EXPÉDITION PÔLE NOIR
C’est avec beaucoup de regrets que je vous annonce que mon expédition en solitaire vers le pôle Nord n’aura pas lieu cette année.
La logistique pour une expédition vers le pôle Nord est complexe. Depuis 2002, elle dépend de la construction d’une base temporaire sur la banquise capable de recevoir des petits avions. La construction a débuté comme prévu à la fin du mois de mars, mais contrairement aux précédentes années, les logisticiens ont fait face à des conditions climatiques féroces et une glace très instable.
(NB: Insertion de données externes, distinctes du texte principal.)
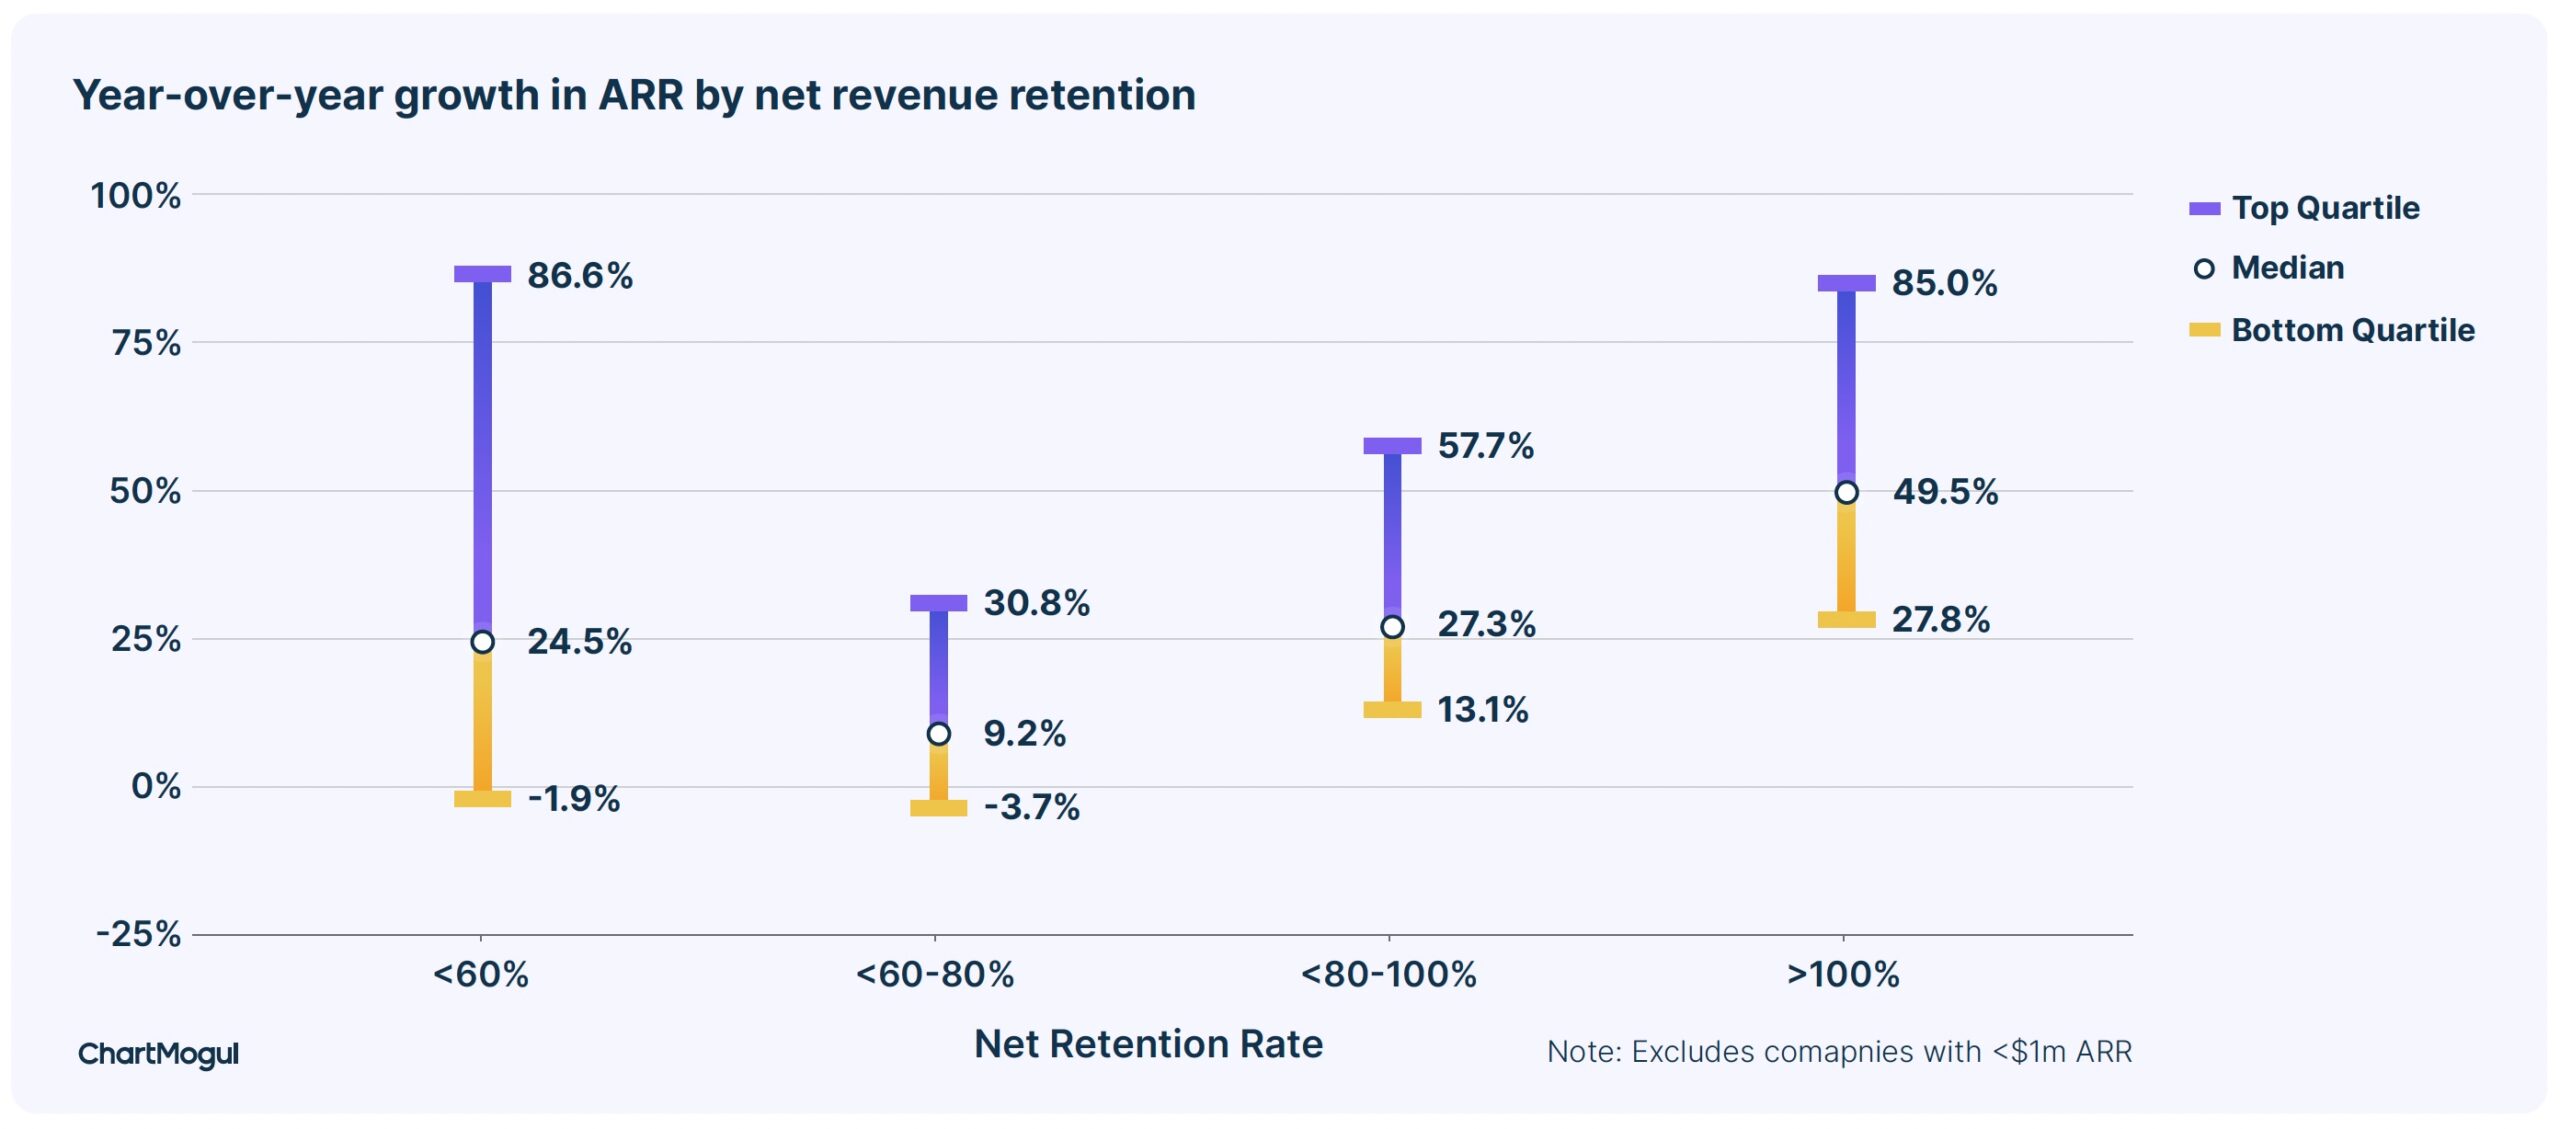 Higher net retention leads to higher growth rates

Il y a quelques jours, la glace de la piste d’atterrissage a craqué et s’est ouverte sur 12 mètres. Là où est établi le camp, il n’y a aujourd’hui plus de glace d’une épaisseur satisfaisante pour reprendre la construction à 0. La décision a été prise d’annuler la saison.
La pandémie et le contexte géopolitique m’ont empêché à plusieurs reprises de prendre le départ de cette expédition. Mais c’est la première fois que je suis stoppé dans mon élan avec ma pulka chargée, ma nourriture empaquetée et mes thermos remplis d’eau chaude pour ne pas avoir à faire fondre de la neige à l’arrivée sur la banquise…
La déception est grande. Une telle expédition demande une longue préparation et de lourds investissements. Sans parler du tournage que je devais faire pour la télévision, c’est un gâchis de temps, d’énergie, d’argent et d’émissions de CO2.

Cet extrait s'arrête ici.